A Park for Fallen Statues?

Two recent news stories suggest that America needs a rest home for statuary, a la Budapest's Memento Park.

The Paterno statue left behind a ghostly halo when it was removed from its perch near Penn State's Beaver Stadium on Sunday. (Reuters)

Penn State's removal of a statue commemorating its late coach Joe Paterno is only the latest chapter in the sometimes bizarre history of campus monuments. Even saints have not been exempt. "An idealized bronze image of W. Earl Dodge, an academic, athletic, and religious paragon of the Princeton Class of 1879 who died young, was so reviled by worldly 1920s undergraduates (who dubbed it "The Christian Student"), that after it was torn down twice, Princeton ultimately loaned it to the Daniel Chester French museum and restored it in 1987, not to its original place of honor but to a gymnasium lobby.

The move coincides with a New York Times article about another controversial work of art, Frederic MacMonnies' Civic Virtue, which may be moved to a cemetery. The elderly sculptor was baffled and hurt by protests against his work when it was unveiled in 1922. In vain he protested that the image of a male triumphing over figures of evil portrayed as female was simply a convention. And it was -- in the fading Beaux Arts tradition in which he had been trained. A new generation had forgotten a visual language, much as many post-World War One Princeton students were impatient with Victorian muscular Christianity. In the early 21st century the monument looks less sexist than campy, but it's easy to see from a high-resolution image that -- contrary to the Times article -- the young man is not stepping on anybody. (I visited the statue a few years ago. It's easy to make the mistake if  you've been primed to see trampling.) It was not the sculptor's first iconographic misunderstanding; another work (now in the Metropolitan Museum) had been banned for its pagan nudity in Boston in the 1890s.

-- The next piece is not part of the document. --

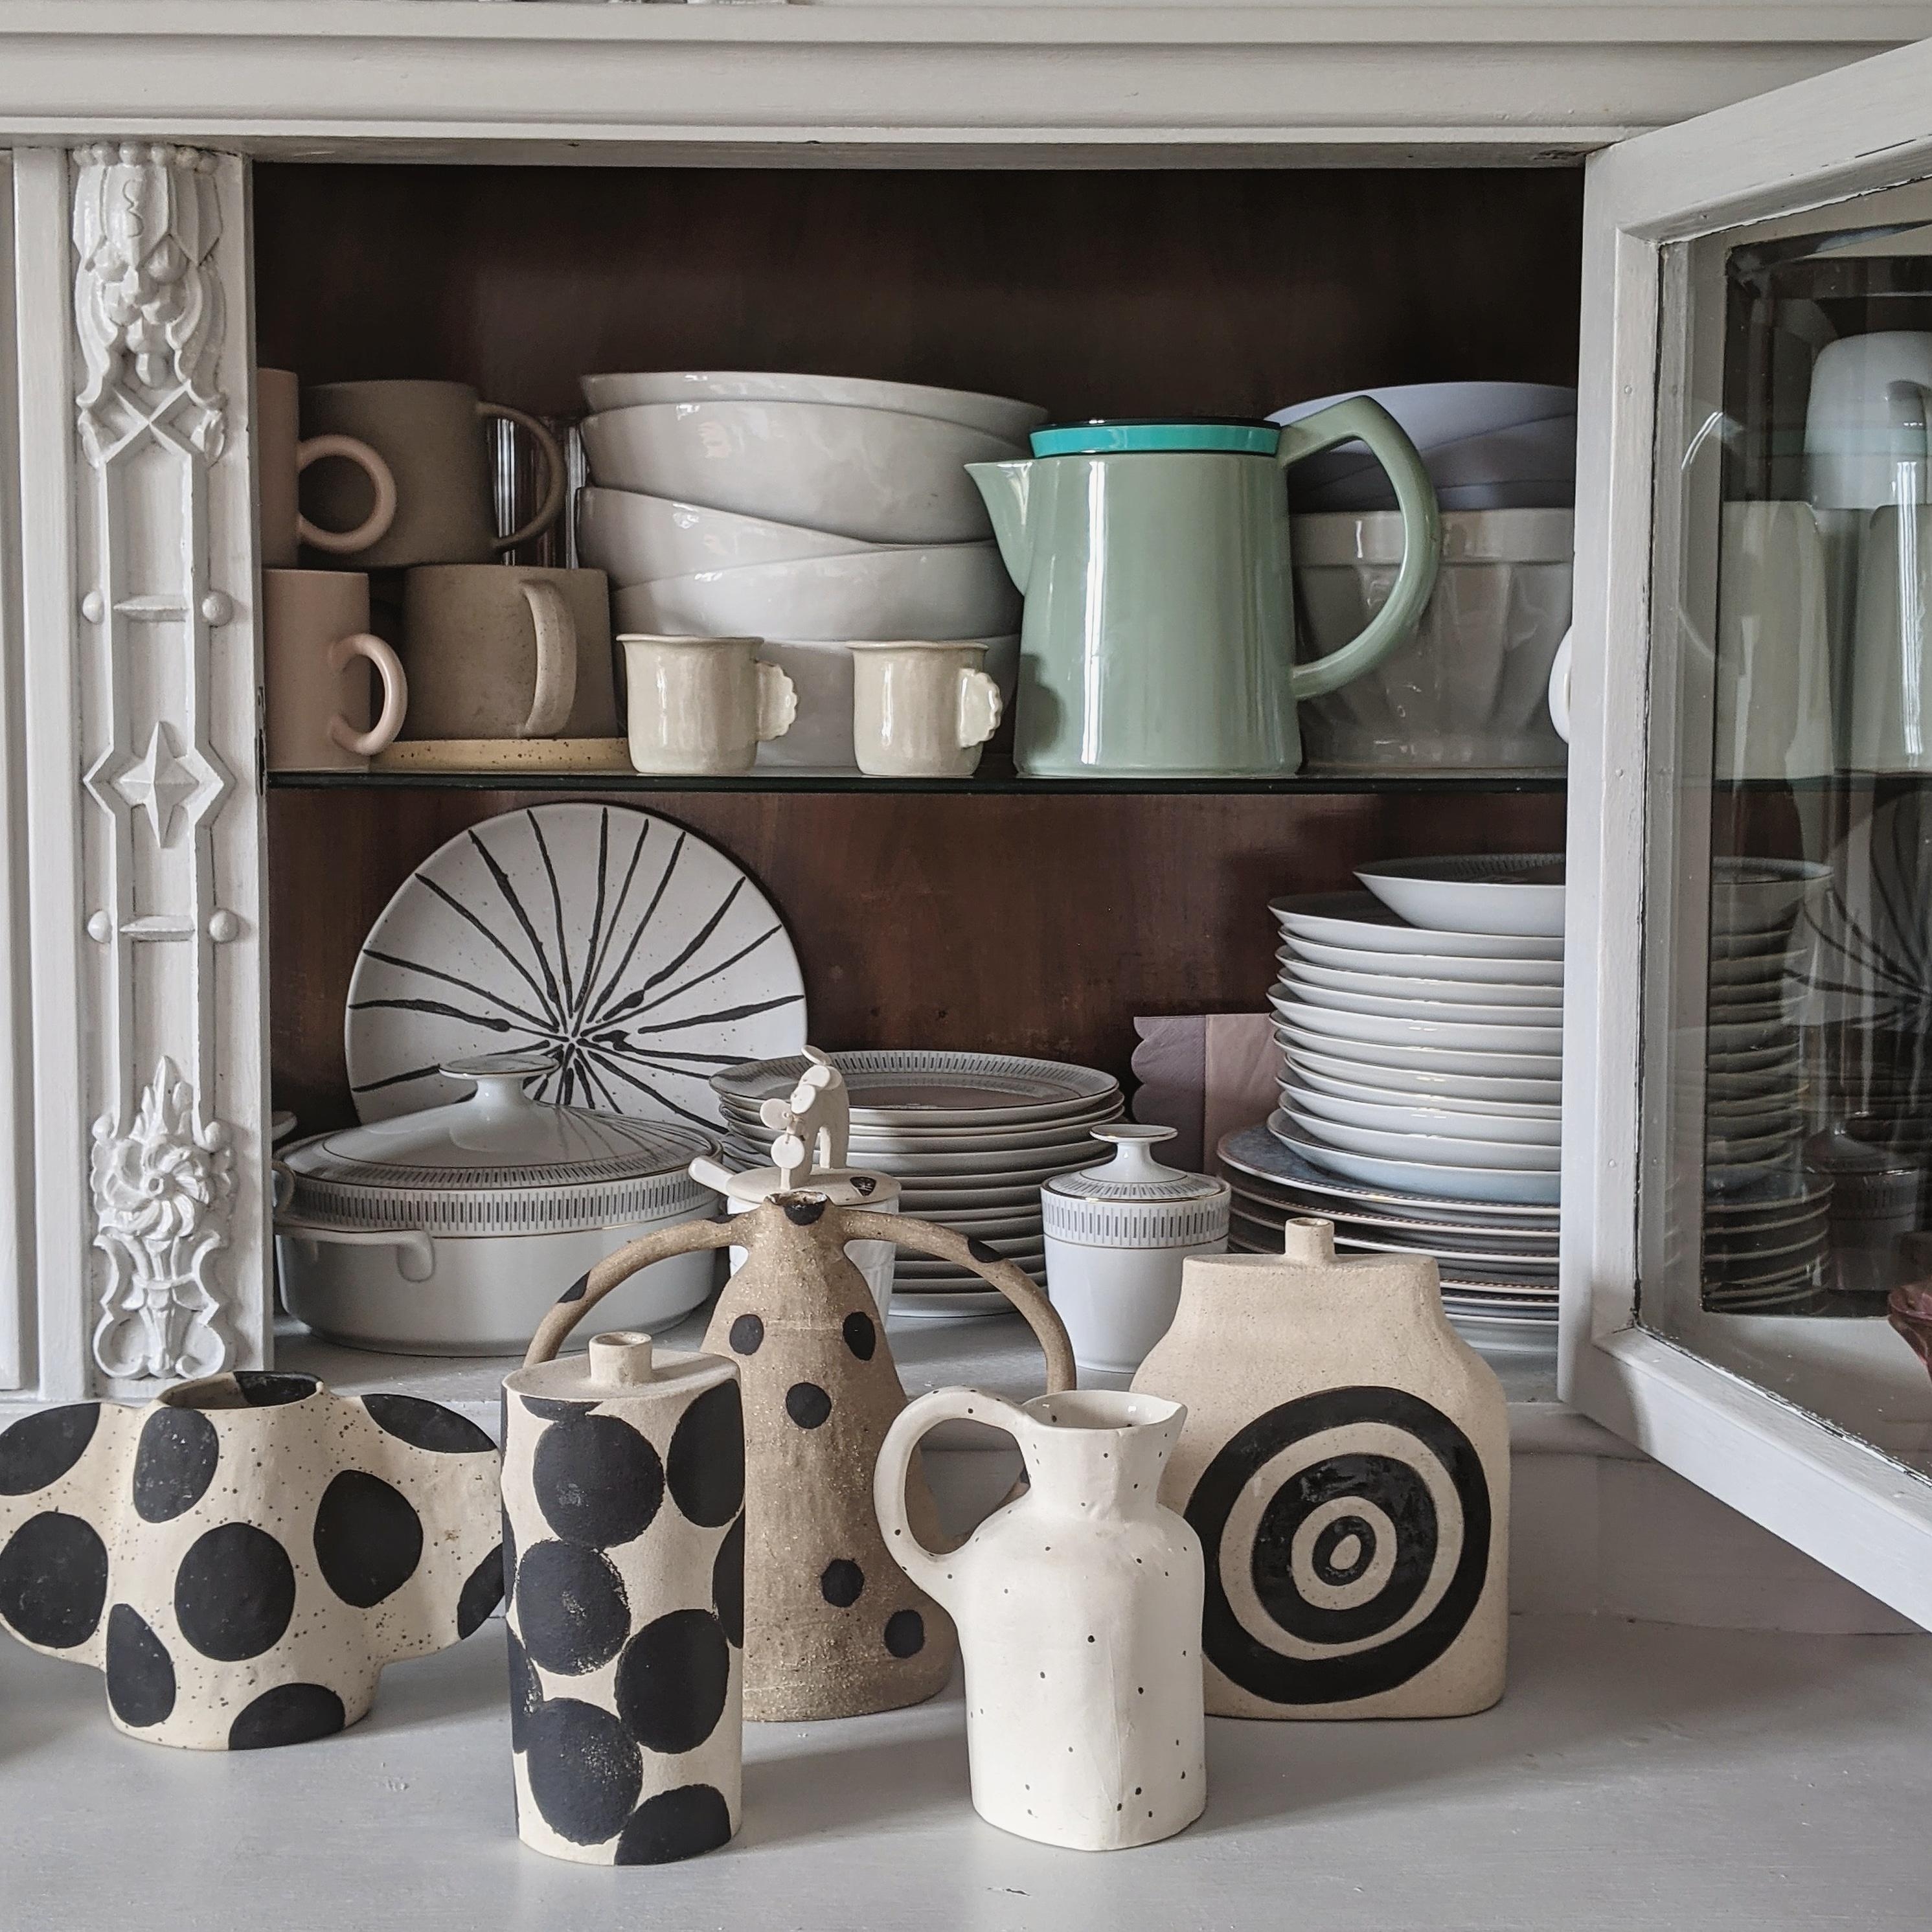 #keramik#buffet#altbau#vintage#vasen#handmade#kunst#scandinavisch#couchstyle#livibg#interior

Green-Wood Cemetery, where the statue may be restored, is a national treasure and a fitting home. But the move would imply that the statue has died, just as its earlier exile in Queens was a mark of scorn by the Manhattan establishment. The two stories together suggest America needs a counterpart of Budapest's Memento Park, a rest home for Marxist-Leninist statuary. The purpose should be neither to mock nor to glorify them but to help visitors reflect on art and political life in an open-air setting. And artists could be invited to reply to MacMonnies by inverting his conventions, with a female protagonist and images of male politicians underfoot.